EUR/USD speculative positions depend on Jerome Powell’s speech
The U.S. dollar couldn’t use the former drivers once again. The U.S. - China negotiations haven’t been that successful; the opponents boosted the amount of mutual tariffs up to $50 billion, from $34 billion and are willing to implement the threats. The probability of four hikes of the federal funds rate are up at 68%, from 63, after the Fed’s representatives claimed the central bank to be independent from politics.
According to the president of Kansas City Fed, Esther George, politics doesn’t affect the Fed monetary policy in any way. The FOMC must be focused on carrying out the mandate, entrusted to it by the Congress, to make decisions for supporting the U.S. further economic expansion in the long term. Dallas Fed’s CEO, Robert Kaplan is sure that political tensions won’t influence the central bank’s activities. It will continue its monetary policy.
The Federal Reserve is not governed by a single person, and, even if Jerome Powell wanted to act, according to Donald Trump, He would hardly be supported by the FOMC. The U.S. strong economy allows the central bank to normalize its monetary policy, especially since other regulators are doing the same. According to the minutes of the ECB meeting in June, the Governing Council is growing more confident in giving up on the monetary stimulus soon. The Bank of Japan is also reducing the assets buyouts volume within QE. AS a result, the markets are supplied with a less amount of liquidity, creating serious troubles for emerging markets.
Dynamics of the asset buyout to the GDP
Source: Wall Street Journal
In theory, it may be one of the reasons for Jerome Powell’s dovish rhetoric in Jackson Hole. The Fed had already abandoned its plans federal funds rate hikes due to the turmoil in the Chinese markets in 2015 and 2016; however, at present, the drop of Shanghai Composite and the yuan is interpreted as China’s defeat in the trade war. Other reasons for a pause in the monetary normalization are the U.S. protectionism, the flattening yield curve and the last Fed’s research, suggesting that its shouldn’t be too positive about the U.S. unemployment rate drop below 4% and hike the rate immediately. The monetary policy is being corrected with a time lag.

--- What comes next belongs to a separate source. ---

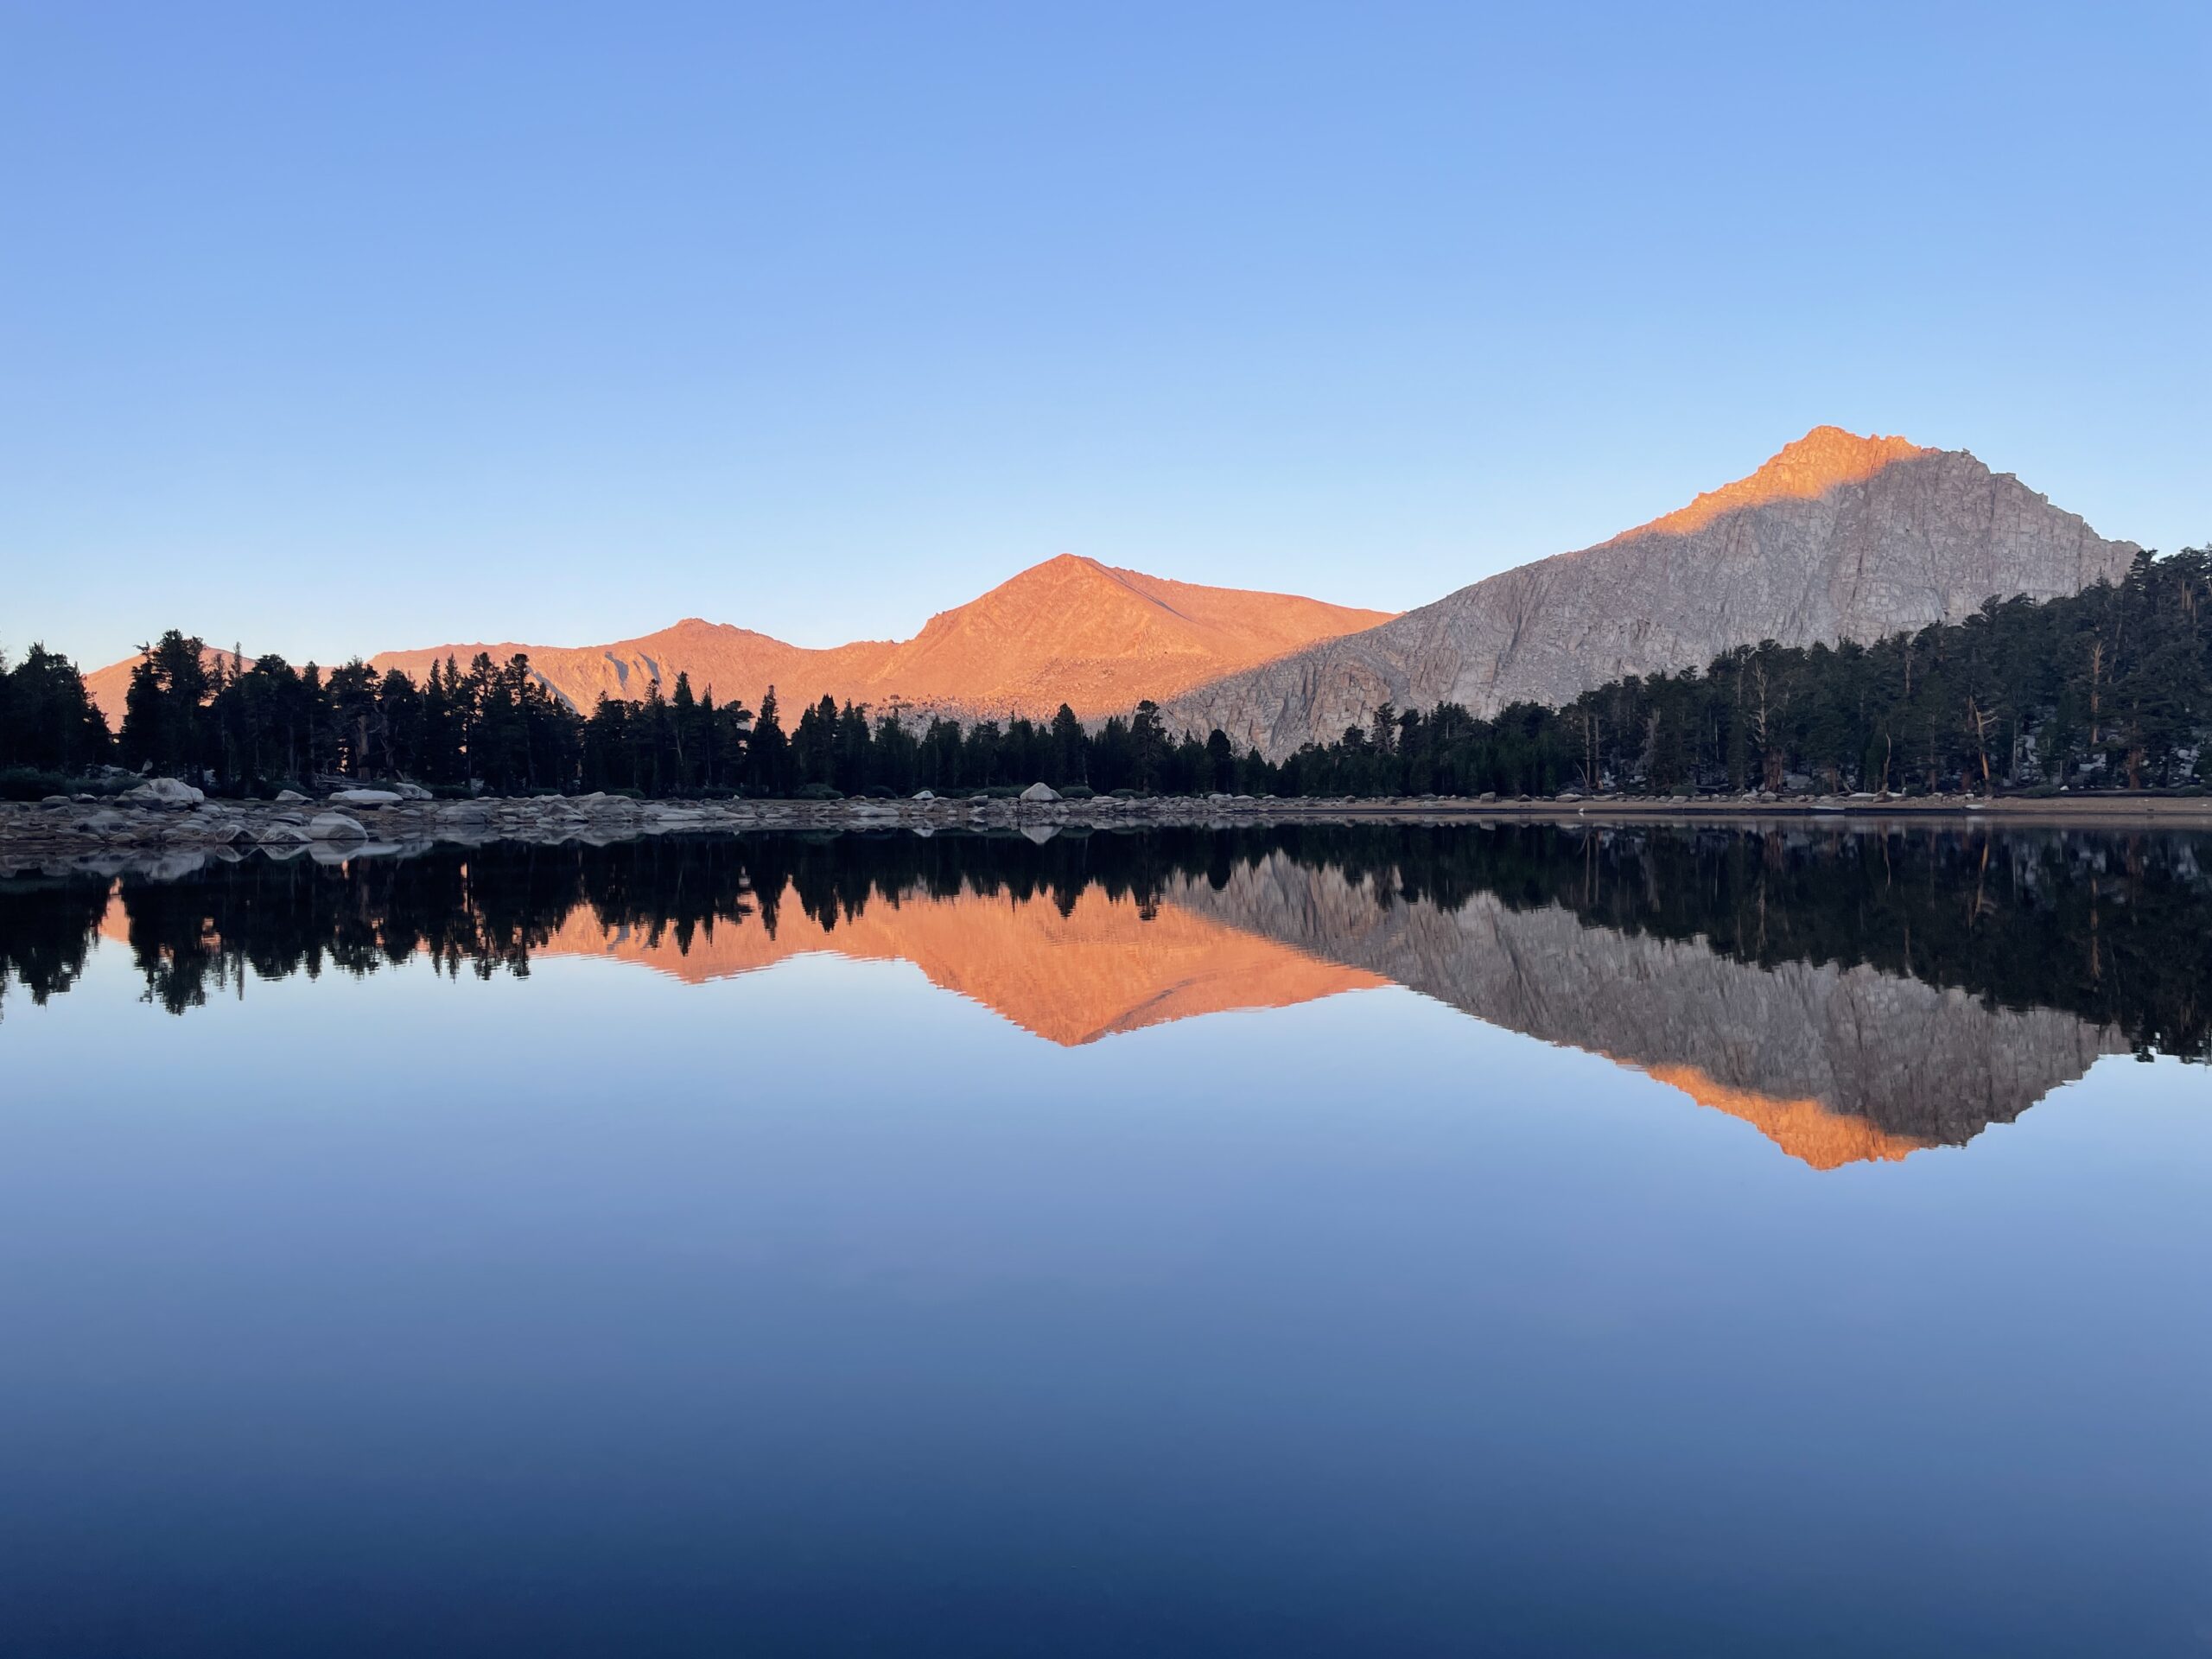 Reflection at Muir Lake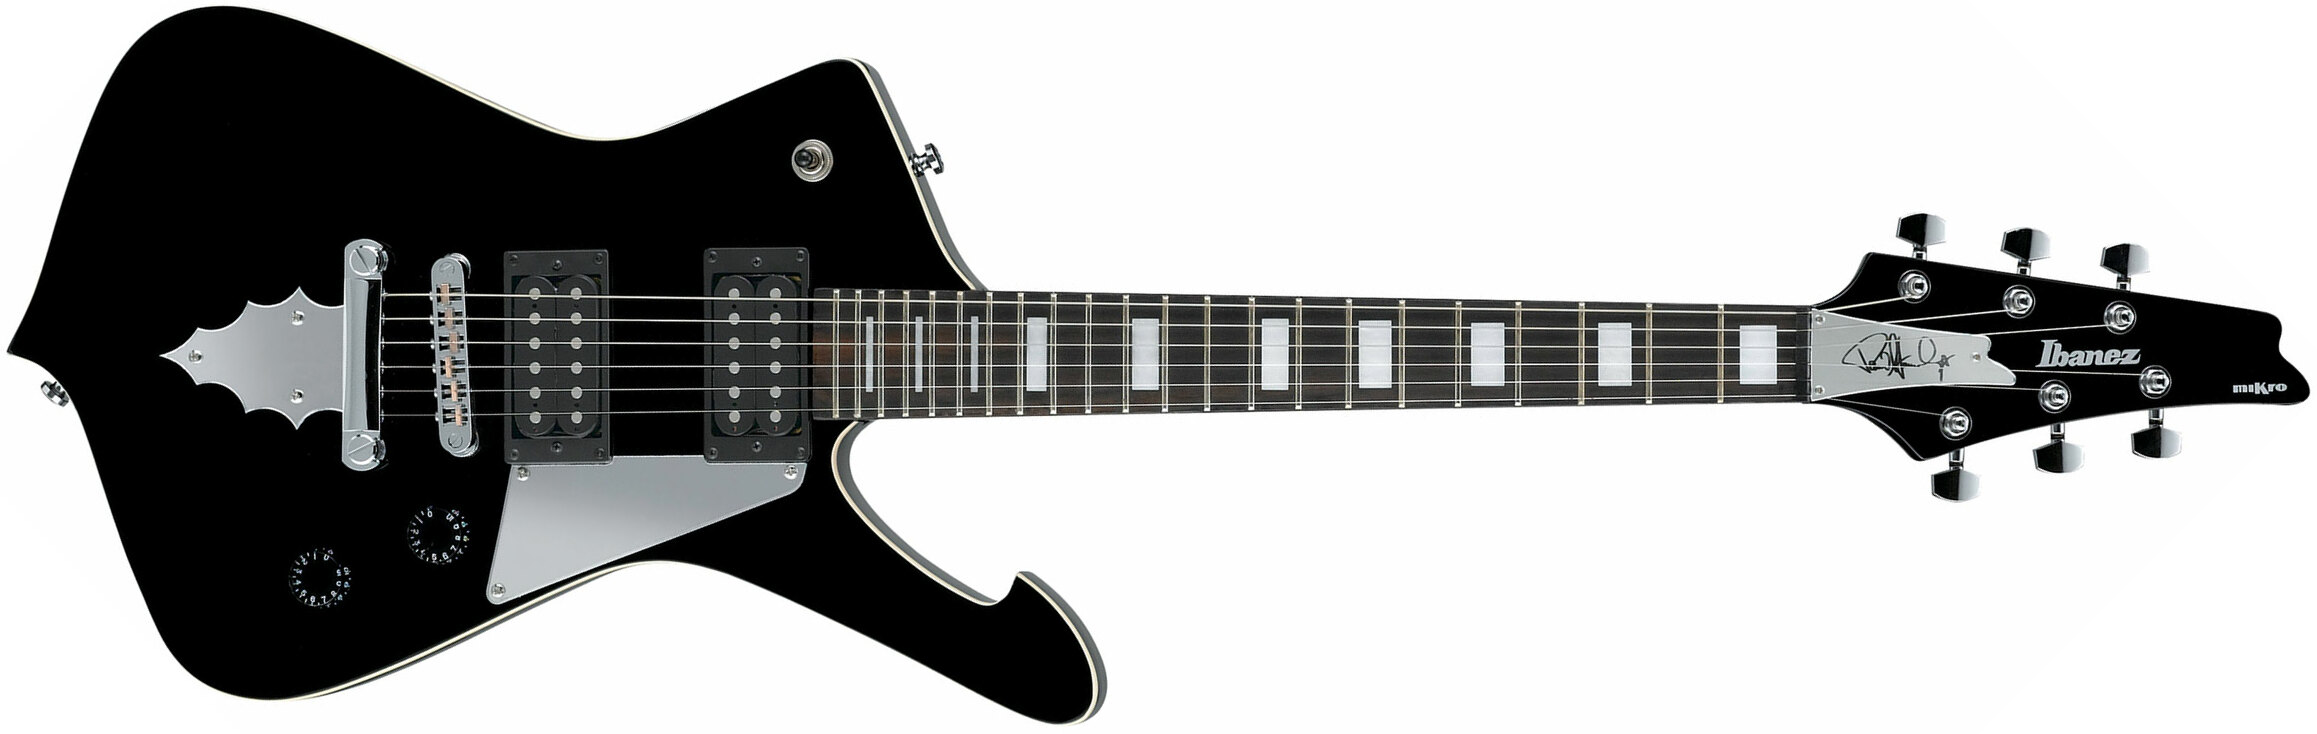 Ibanez Paul Stanley Psm10 Bk Signature Hh Ht Eb - Black - Elektrische gitaar voor kinderen - Main picture

It should be understood that a try to suspend the monetary normalization will be interpreted by the financial markets as the Fed’s undermined credibility. Especially since not only the U.S. economic expansion, but the global GDP as well, allow the central banks to increase the interest rates gradually. According to the IMF, global GDP will be 3.9% up in 2018, which is the best result since 2010-2011. The OECD expects a higher growth rate in the in 20 advanced economies out of 45.
I, personally, believe that EURUSD bears are unwilling to get use of the former benefits because they expect Jerome Powell’s speech and are discouraged by the euro going up above 1.15. In addition to that nobody wants to put the cart before the horse, the people have also lost their money. Now, they won’t be that willing to open euro shorts again.